Summary: 3/3 tools passing all checks. No issues found. Implementation is production-ready.

Implementation Choices

Libraries Used

  • anndata: Standard format for single-cell data (AnnData objects)
  • scanpy: Standard toolkit for scRNA-seq analysis (HVG, normalization, PCA, UMAP)
  • scglue: GLUE-specific functions (LSI, graph construction, gene annotation)
  • networkx: Standard graph library for guidance graph representation
  • matplotlib: Visualization library for UMAP plots

Error Handling Approach

Basic Input Validation Only:

  • Required parameter validation (data_path must be provided)
  • File existence checks (FileNotFoundError if file not found)
  • No intermediate processing validation (trust library error messages)

Rationale: Tutorial assumes valid input data. Error handling focused on user input mistakes, not data quality issues.

Parameterization Rationale

Why Parameterize color_var?

  • Tutorial uses "cell_type" which is a column specific to the tutorial dataset
  • User datasets will have different column names for cell annotations
  • Parameterizing enables tool to work with any AnnData object with different metadata columns

Why Parameterize gtf_by?

  • Tutorial uses "gene_name" attribute in GTF, but GTF files can use different attributes
  • Some GTF files use "gene_id", "transcript_name", or other attributes
  • Parameterizing enables tool to work with different GTF annotation standards

Why Keep Default n_top_genes=2000?

  • This is a standard value in single-cell RNA-seq analysis
  • Tutorial explicitly sets this value, not using library default
  • Value represents a scientific choice about feature selection stringency

Why Keep Default n_components=100?

  • This is the standard dimensionality for GLUE model training
  • Tutorial explicitly sets this value for downstream model compatibility
  • Changing this value would require adjusting the GLUE model architecture

Known Limitations

  1. Coordinate Extraction Assumption: glue_construct_regulatory_graph assumes ATAC peak names follow the format "chr:start-end". If user data uses different formats (e.g., "chr_start_end" or "chr:start:end"), the coordinate extraction will fail.

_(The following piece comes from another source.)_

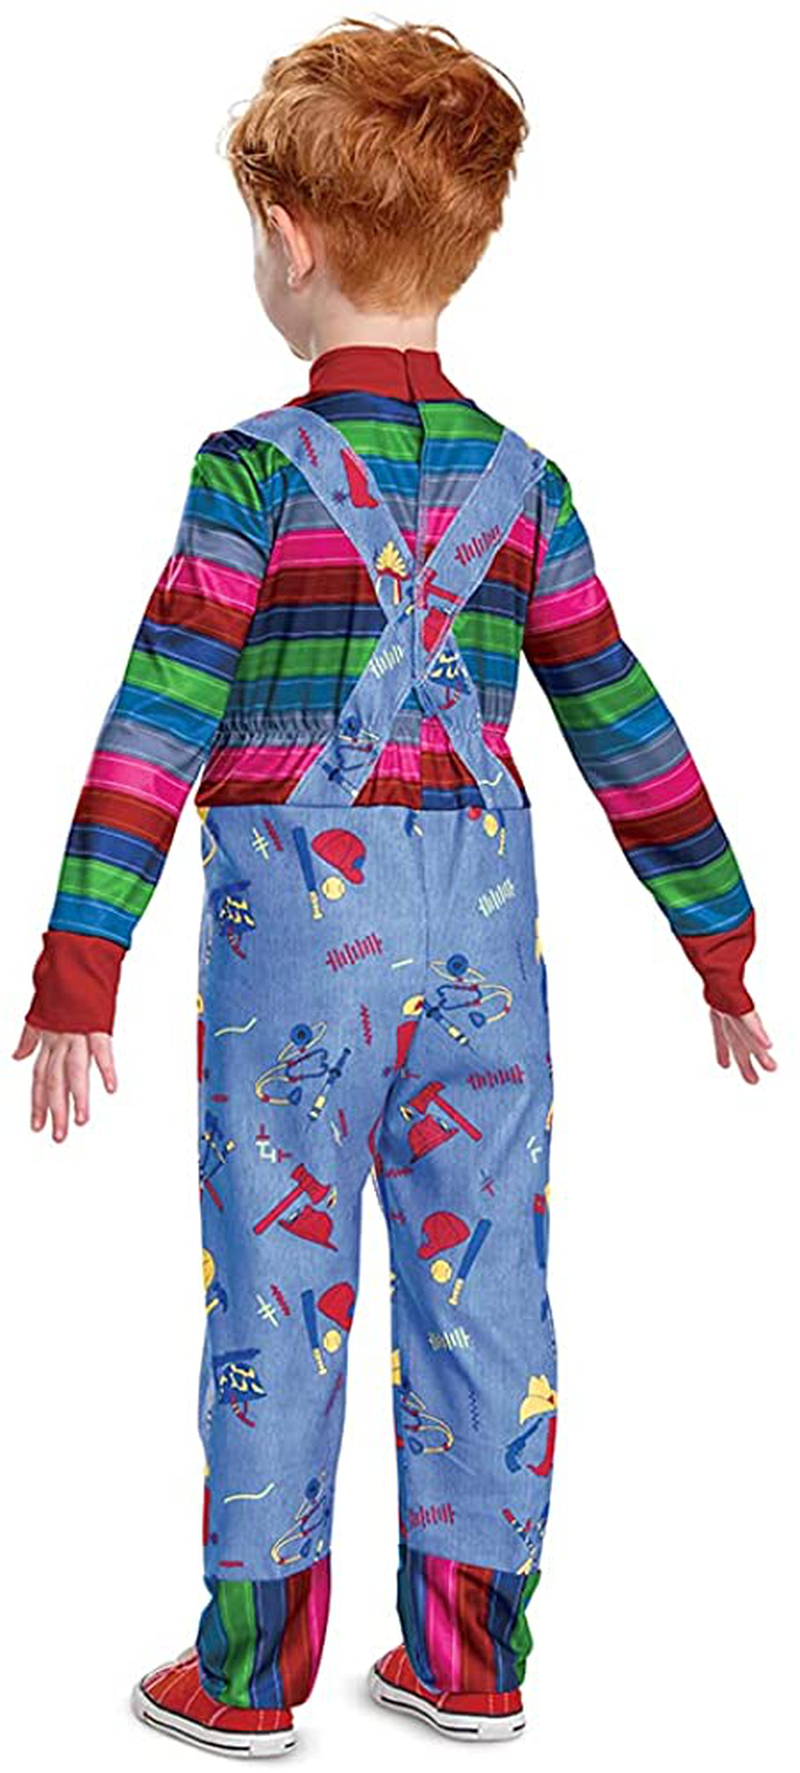 Chucky Costume for Kids, Official Childs Play Chucky Costume Jumpsuit Outfit, Classic Toddler Size Apparel & Accessories > Costumes & Accessories > Costumes Disguise

Users must ensure their peak names follow the expected format or pre-process their data.

  2. GTF Compatibility: Gene annotation requires GTF file with specific attributes. Not all GTF formats are compatible. Users must ensure their GTF file contains the required attributes (default: "gene_name").

  3. Memory Requirements: LSI and PCA operations on large datasets can be memory-intensive. Users with datasets >100k cells may encounter memory issues on standard workstations.

  4. Visualization Dependency: UMAP visualizations require the color_var column to exist in the AnnData object. If the column is missing, the tool will fail. Users must ensure their data contains the specified annotation column.

  5. File Format Constraints: Tools only accept h5ad format for input/output. Users with data in other formats (csv, mtx, loom) must convert to h5ad before using these tools.

Testing Recommendations

  1. Test with tutorial data: Verify tools reproduce exact tutorial results with Chen-2019 dataset
  2. Test with different organisms: Verify GTF annotation works with different reference genomes
  3. Test with different annotation columns: Verify color_var parameter works with different metadata
  4. Test with edge cases:
    • Very small datasets (<100 cells)
    • Very large datasets (>100k cells)
    • Datasets with missing or malformed peak coordinates
    • GTF files with different attribute names

Revision History

Initial Implementation

  • 4 tools: glue_read_paired_data, glue_preprocess_scrna, glue_preprocess_scatac, glue_construct_guidance_graph

Revision 1 (2026-02-14)

Changes Made:

  1. Removed glue_read_paired_data tool: Classified as NOT Applicable to New Data (only loads tutorial data without analytical transformation)
  2. Renamed glue_construct_guidance_graph to glue_construct_regulatory_graph: Better matches tutorial section title "Construct prior regulatory graph"
  3. Updated documentation: Corrected tool count from 4 to 3 tools

Rationale: Enforce strict adherence to "Applicable to New Data" classification. Data loading without analytical transformation should not be a standalone tool.

Result: All 3 remaining tools pass quality review with all checks passing.